Humboldts grundlegende politische Ideen die er als preußischer Staatsmann entwickelt aber
selbst nicht systematisch dargestellt hat sind bisher wenig bekannt. Denn es gibt bisher von
seiner Staatsidee keine zusammenfassende Darstellung. Berühmt aber inhaltlich wenig beachtet
ist seine Jugendschrift über die Grenzen der Wirksamkeit des Staates. Darin behandelt er das
aktuelle Thema der Begrenzung der Staatsmacht und der Selbstverwaltung des geistigen und
wirtschaftlichen Lebens. Erfüllt von der tiefsten Achtung vor der menschlichen Individualität
ging es ihm darum Freiheitsräume für die Entwicklung und Entfaltung der Menschen in ihrer
individuellen Mannigfaltigkeit zu schaffen. Von dieser Schrift wird behauptet Humboldt habe
später seine Jugendideen aufgegeben und als preußischer Staatsmann diesen zuwider gehandelt.

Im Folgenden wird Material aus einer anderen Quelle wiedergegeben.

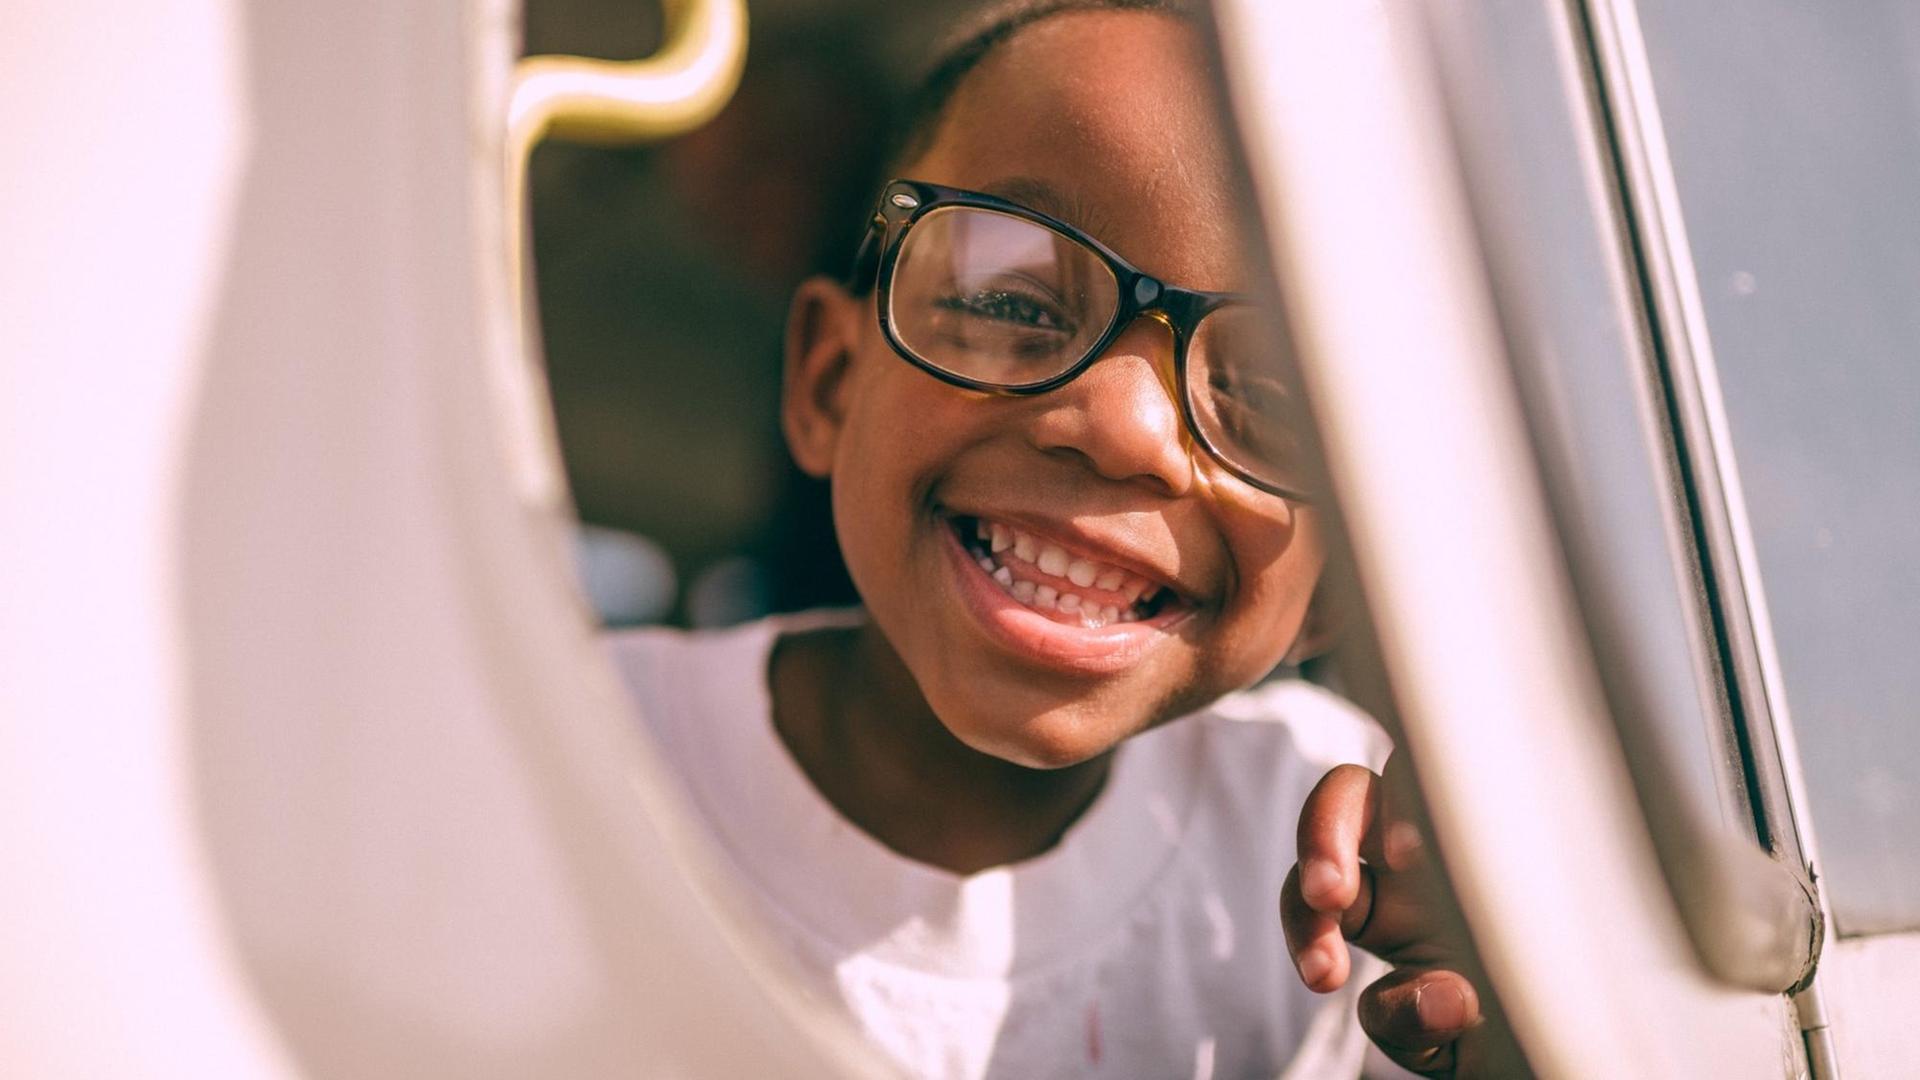 Ein grinsender Junge mit Brille schaut durch eine Art Luke oder Fenster

Spitta weist nach daß diese Meinung unzutreffend ist. Im Gegenteil: Als Staatsmann versuchte
Humboldt seine Ideen über die Grenzen des Staates so weit wie möglich zu verwirklichen. In
seinen zahlreichen politischen Schriften hat Humboldt eine Fülle wichtiger und auch für die
heutige Zeit anregender und fruchtbarer Ideen entwickelt so insbesondere über die Mitwirkung
der Bürger am staatlichen Leben über die Organisation der Regierung und der staatlichen
Behörden über die deutsche Verfassung und über Deutschlands Stellung in Europa. Die
bedeutsamen Ideen Humboldts über die Verwirklichung seiner Staatsidee schließen die Darstellung
ab. Sein Biograph Friedrich Schaffstein zählte Wilhelm und Alexander von Humboldt »zu den
hervorragendsten Repräsentanten deutscher und europäischer Geistigkeit«. Angesichts der
heutigen Perspektivlosigkeit können Humboldts Ideen insbesondere seine grundlegende Idee von
den Grenzen der Wirksamkeit des Staates wegweisend sein.